While I was there, the local paper (Fairbanks Daily News-Miner) published an article about Jack Finch, a metalworking instructor at the local university, who has a long-running hobby of breeding I. setosa.

www.newsminer.com/features/our_town/an-eye-for-irises-grower-pulls-a-rainbow-of-varieties/article_db950be2-1d65-11e5-8207-4ff1af2d6​4db​.html

Though we tend to refer to all the colorful floral structures of a typical garden iris as "petals", the structures are botanically divided into the true petals (upright standards) and petaloid sepals (descending falls). In I. setosa, the botanical petals are reduced so severely that the flower appears to have only three "petals". Jack Finch occasionally sells plants in Fairbanks, which probably helps explain the diversity of colored forms I found in gardens during my week.


NewsMiner photo.
In addition to numerous shades, Jack Finch also isolated a recessive mutation which converts the tiny petals of the wild flower into full-sized sepals (thus producing an attractive and larger flower). I never did find an example of this flower, but the newspaper published a photo which nicely illustrates the variation.
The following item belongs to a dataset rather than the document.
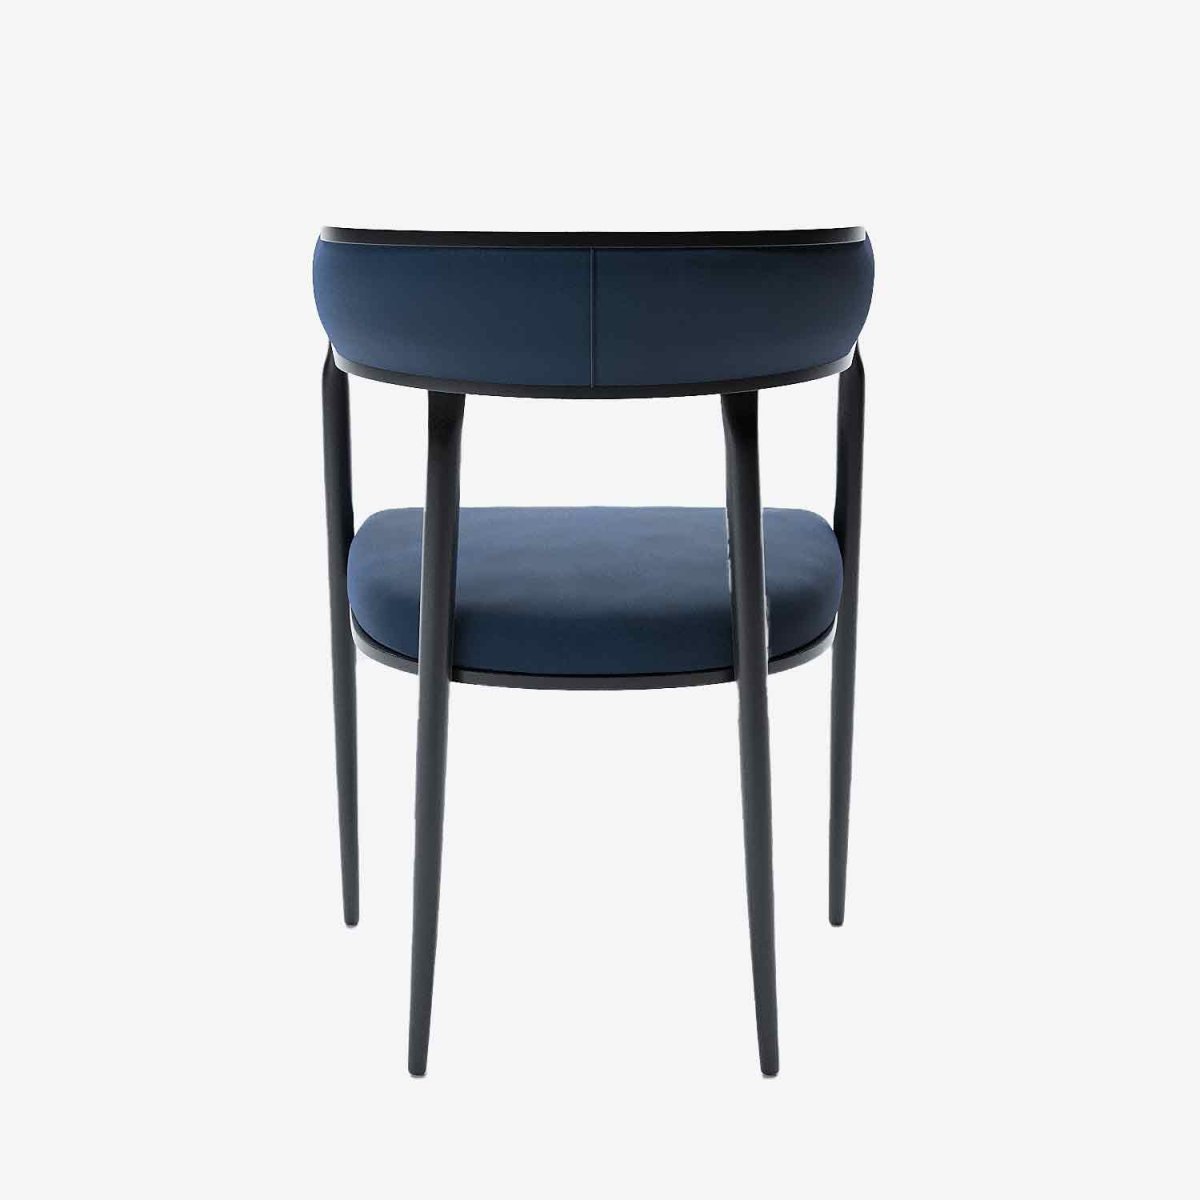 Chaise de salle à manger design dossier arrondi velours bleu marine Aurore Potiron Paris

During my trip I was able to collect seeds from several plants with different colored flowers. As the plants were in full bloom, the only seeds to be found were those left-over from the previous season or two. Hopefully they remain viable so that when I plant them this fall (for cold-stratification) they can start growing in spring.



The Iris genus is subdivided into several sub-genera, which are then in turn subdivided into several series of species. For the wild Iris setosa I was so admiring, the full nomenclature is something like: [Genus = Iris] [Subgenus = Limniris] [Series = Tripetalae] [Species = setosa] [Subspecies = interior].

Species definitions in plants are often less strict than they seem to be for animals. Some research from a few years ago sought to identify how I. setosa was related to other North American wild irises. They found I. setosa was most likely one of the parents (with I. virginica) of I. versicolor. I. setosa and I. virginica are both diploid with 38 (19/19) and 70 (35/35) chromosomes, respectively. The hybrid between the two species is infertile due to mis-paired chromosome sets (19/35). But like in other cases (http://the-biologist-is-in.blogspot.com/2015/01/hybrid-sterility-and-speciation.html), that infertility can be resolved by a whole genome duplication like that which appears to have happened in the ancestors of modern I. versicolor.